The new media stage play “Legend of the Warrior Monk” at the Shanghai World Expo mainly spreads traditional Chinese culture through a series of stories about Shaolin monks practicing martial arts and practicing zen. The projection media and stage installation in the play are completed by using the gray rockery stone in the back area of the stage, the front area and the side curtain. When the projection is not needed in the picture, the rockery is used as the purpose of accounting for the environment. The beginning of each piece of the work is narrated through video, sometimes explaining the context of the next performance, and sometimes using flashback to pull the end of the story back to the time and space of the live performance, which is of great help to the audience to understand the content of the work.
The new media stage play “White Snake: Human Apocalypse” transforms Xu Xian into a “bionic man”, Fa Hai into a system rule, and White Snake comes to the AI world to find Xu Xian. This presentation mode can be said to break the expression form of traditional dance art and the inherent image in traditional culture, which not only attracts the audience, but also challenges the audience and brings the audience a new experience.
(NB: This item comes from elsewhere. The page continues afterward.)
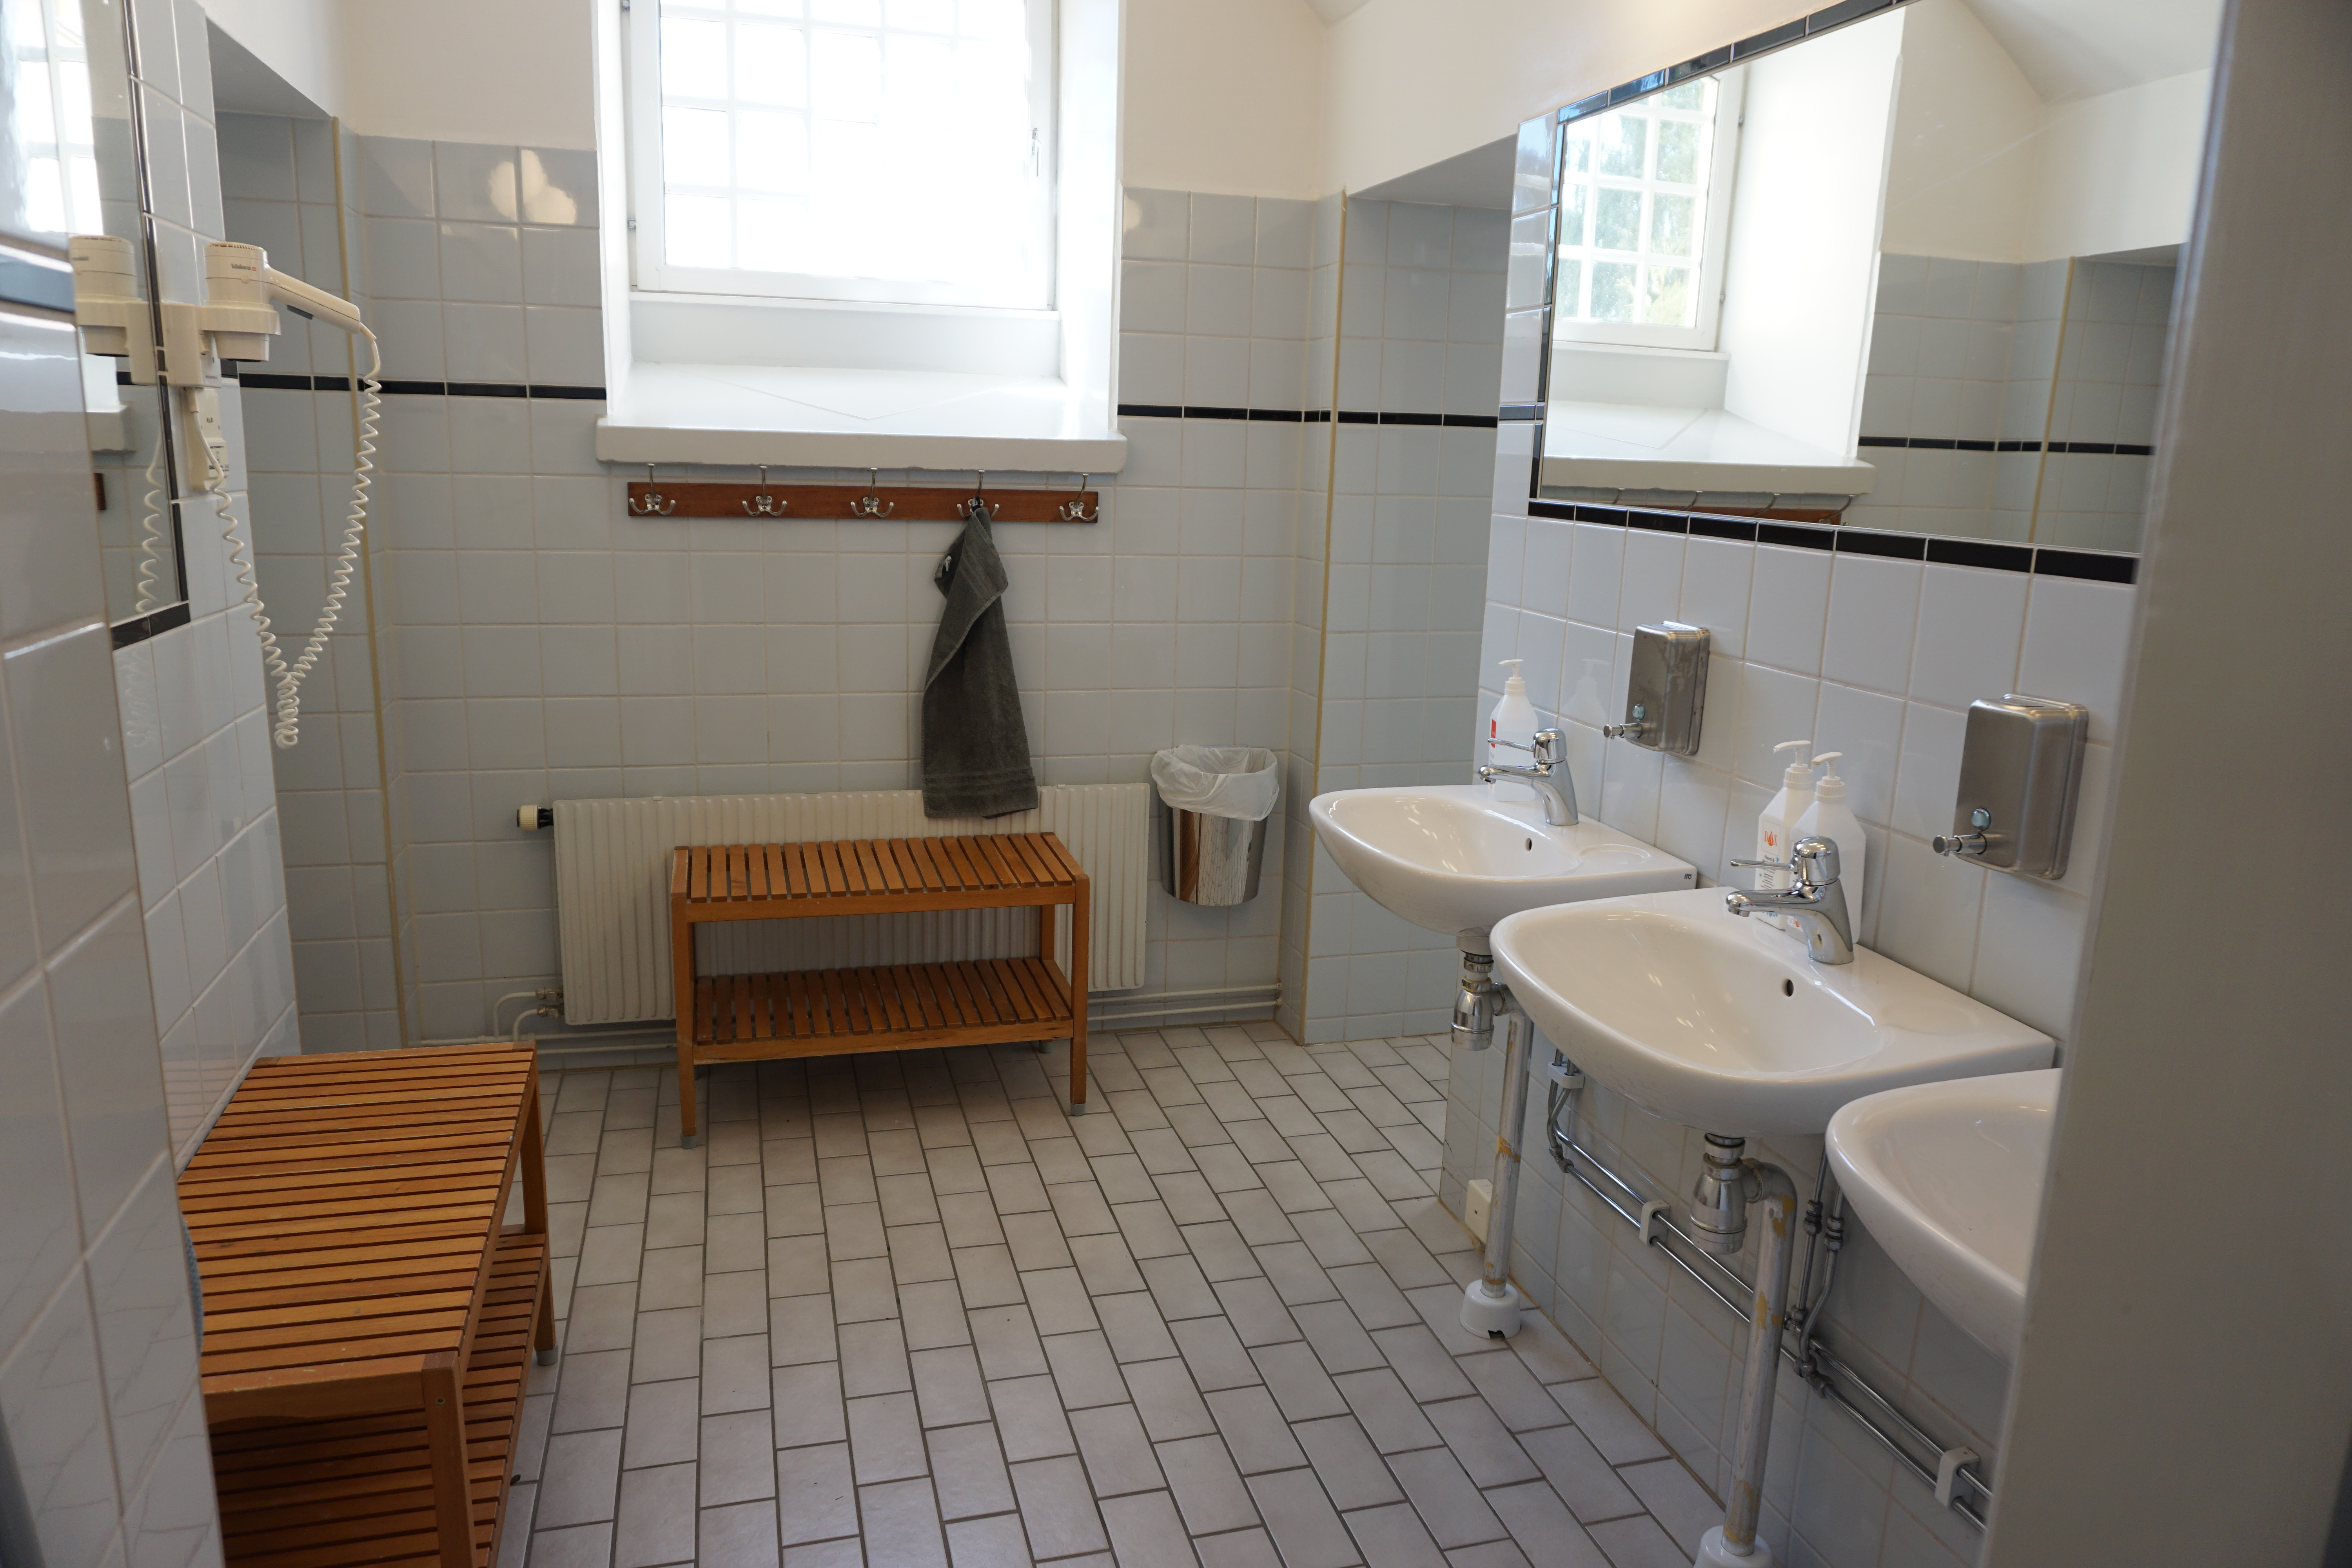 communal shower area at Långholmen hostel
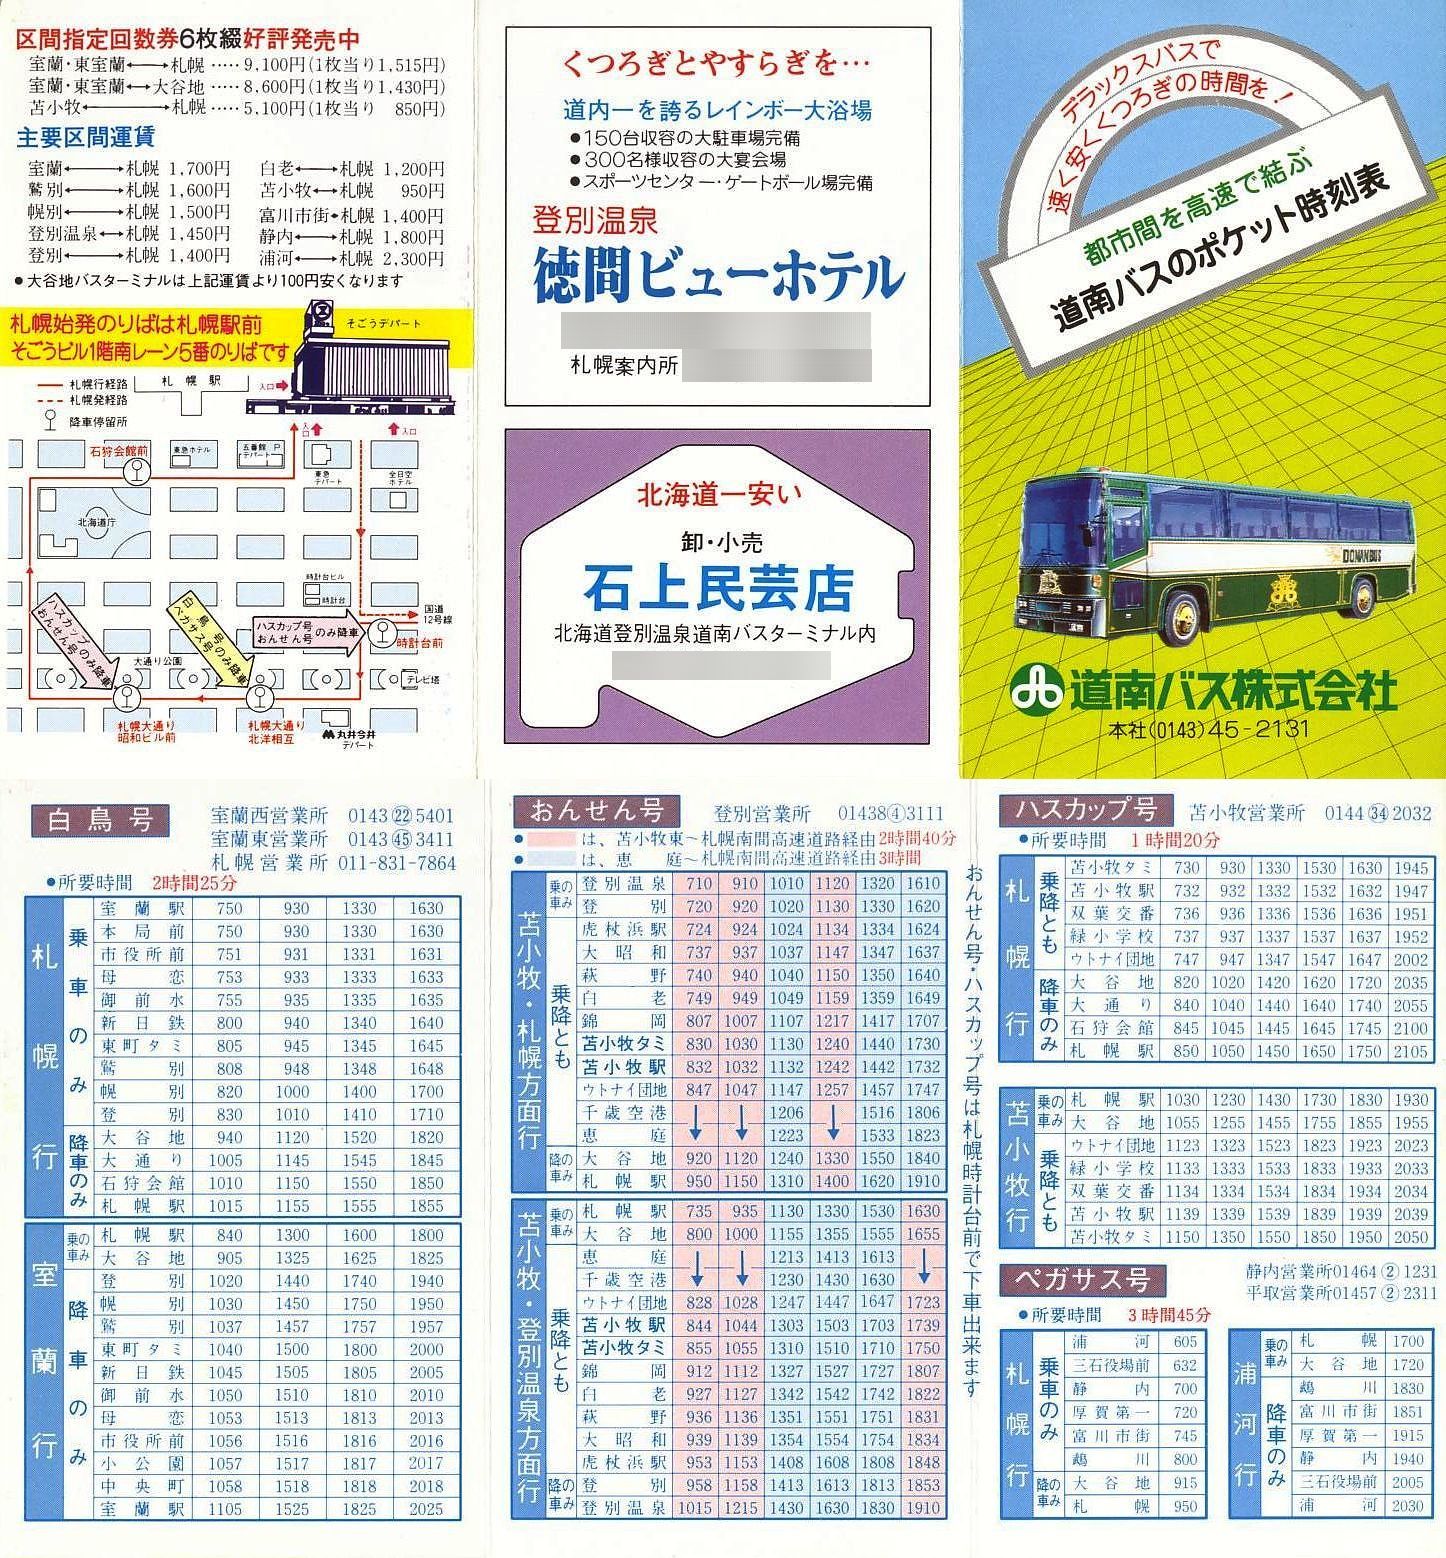 1985-04-01改正_道南バス_ポケット時刻表２

The new media stage play “Tang Palace Banquet” adopts the method of combining virtual scenes and real stage to present the magnificent Tang Dynasty palace. With the support of high-tech, “Tang Palace Banquet” adopts multi-scene mixed shooting, the creator built a blue-screen “square box” in the studio, and the actors danced on the blue screen, and then displayed it after the post-stage image cutting and synthesis. The other part is in the studio for real scene shooting, mixed cut and multi-angle shooting, the most impressive number to the final Angle shooting. “Tang Palace Banquet” has raised the audience rating of Henan Satellite TV in a straight line, enhanced the public’s attention to dance, promoted traditional culture, promoted the surrounding cultural creation, and improved the popularity of dance.
The success of the above cases has brought new ideas to the innovation of national dance basic education. The introduction of new media technology into dance teaching can not only improve the quality of dance teaching, but also promote students’ interest in learning.
The application of artificial intelligence technology in dance science is constantly developing and innovating. It provides coaches, athletes and spectators with more personalized and intelligent services and experiences, and promotes the progress and development of sports science. Artificial intelligence technology is able to analyze and mine a large amount of sports data to provide key indicators such as athletes’ movement trajectory, speed, and power. This helps coaches and sports scientists understand athletes’ performance, identify potential strengths and problems, and develop appropriate training programs for them.
Artificial intelligence technology can recognize and analyze a dancer’s movements to assess their accuracy and strengths and weaknesses. This helps dancers understand their performance issues and make targeted training adjustments. Some systems can also provide real-time feedback and guidance to help dancers make timely improvements. Additionally AI technology can use deep learning models or pose estimation algorithms to identify key points in a dancer’s posture and bones. Through accurate posture recognition, AI technology can analyze the dancer’s body lines, angles, and positions to provide dancers with feedback on posture improvement and optimization.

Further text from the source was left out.